Twice a year. For a disease that would haunt Brix for the rest of his life. Calum drew a random design on Brix’s clothed thigh. “Her theory worked though, didn’t it? You did more ink the other day than I’ve done all week.”
“It’s not the same as sticking my dick in someone.”
“Isn’t it?”
“No—listen, fuck—Calum, God.” Brix clenched his eyes shut and scrubbed at them, then refocused with a biblical sigh. “I know it’s irrational . . . I know, but I can’t be the reason someone feels like I do now. I can live with everything else, but not that, Cal. I can’t do it.”
Calum sighed too, defeat washing over him. “For what it’s worth, I want you to know that you deserve all the love in the world, and there’s no reason outside of your own head that you can’t have it, but I hear you. And I’m here for you, okay? Whatever happens.”
Brix nodded, already zoning out, needing the space Lee had warned Calum about.
Let him breathe. Calum rose, but as he turned towards the stairs, there was one last question he had to ask. “What happened between you and Jordan when you found him? You never told me.”

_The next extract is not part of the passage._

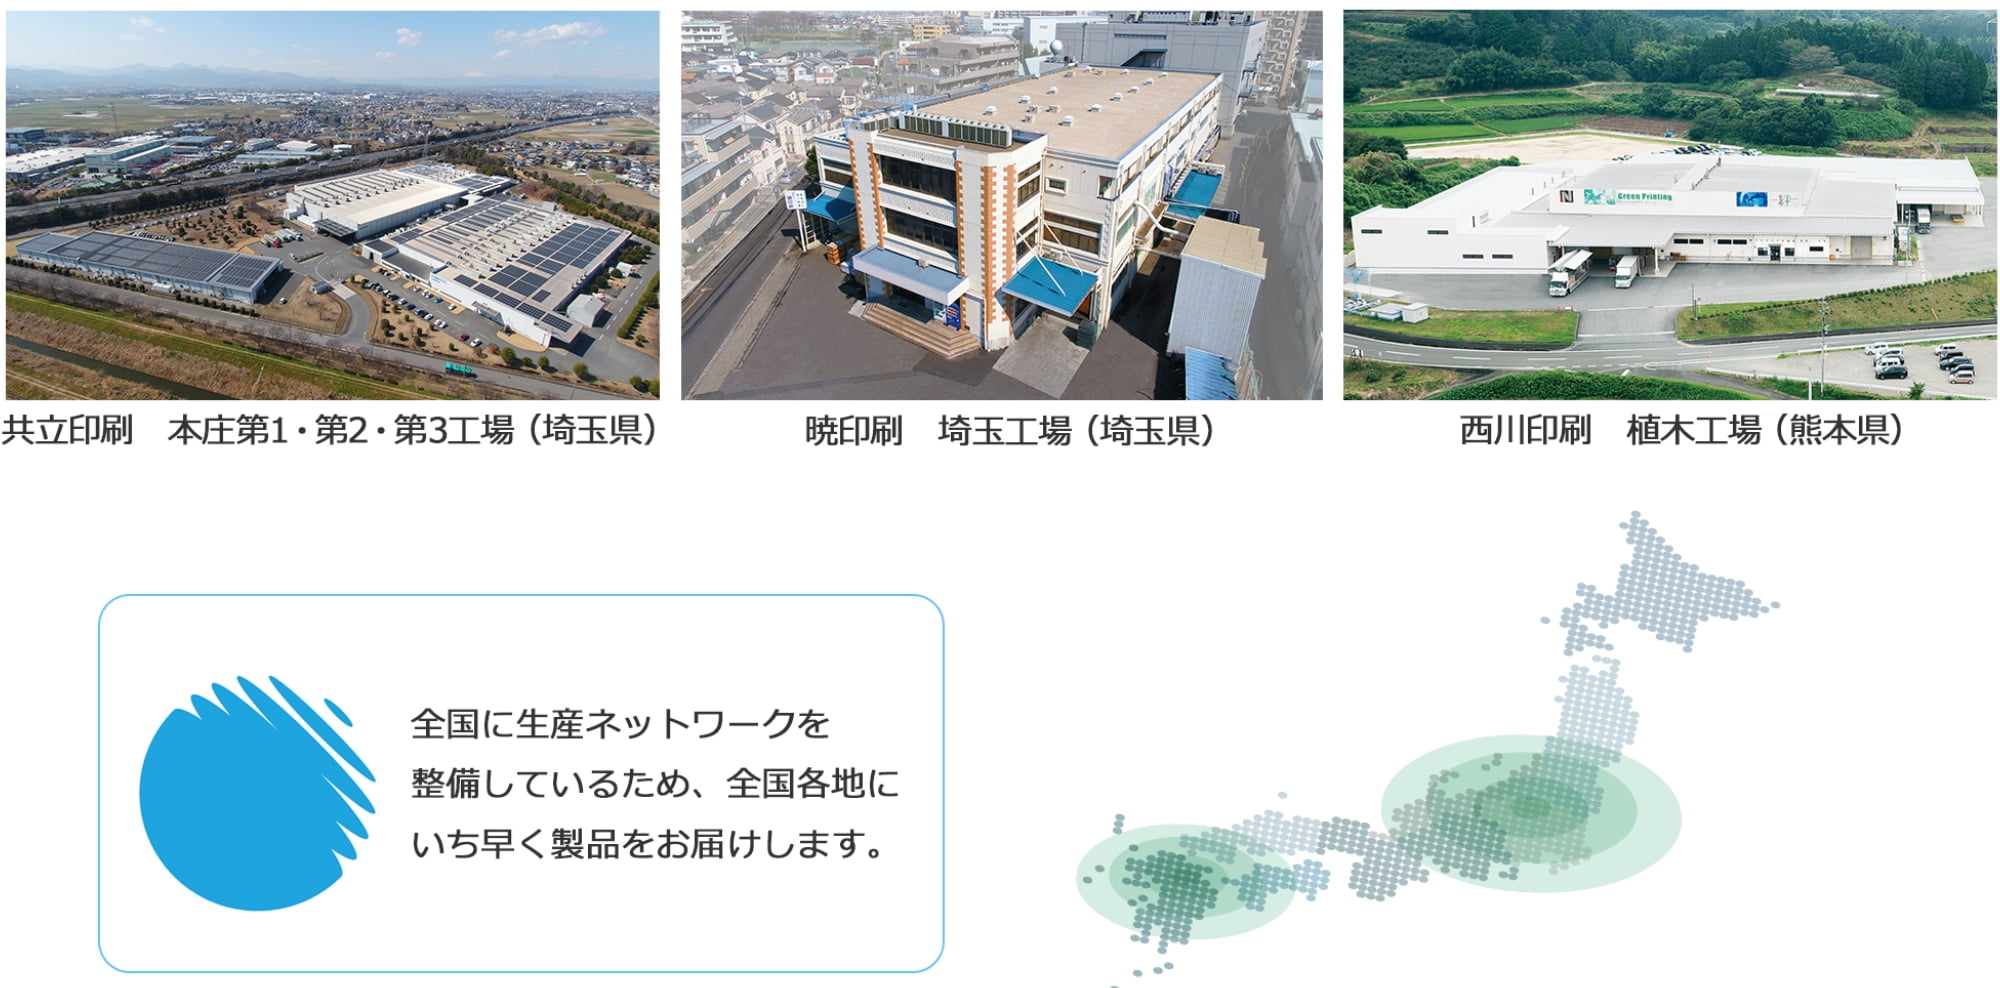 共立印刷 本庄第1・第2・第3工場（埼玉県）, 暁印刷 埼玉工場（埼玉県）, 西川印刷 植木工場（熊本県）, 全国に生産ネットワークを整備しているため、全国各地にいち早く製品をお届けします。

Brix’s troubled gaze flashed, guilt blazing, hot and sharp. “I hit him . . . a lot, like the Lusmoore I am. Ironic, eh? The only time I toe the family line and they’ll never know.”
“You beat him up?”
“Yup.”
Calum had no answer to that either. He left Brix to his brooding and went upstairs to change out of the clothes he’d worn to muck about in the chicken run. He undressed and went to the window, opening it wide, letting the bitter wind cut into his bare skin. With Brix’s faith in the sea echoing in his mind, he waited for it to ease the pain in his heart. But nothing happened, save a tingling rush of goose bumps, and despair swamped him again.
He shut the window and sank onto his bed. The last few days had left him numb, and the weight of all Brix had shared was only now sinking in. A ripple in the pond. His soul ached for Brix and all he’d survived, but more than that, the fact that he’d been alone, while Calum had wasted four years with Rob . . .
Jesus.
Calum couldn’t take it. He inhaled a deep, shuddering breath.
Then he put his head in his hands and cried.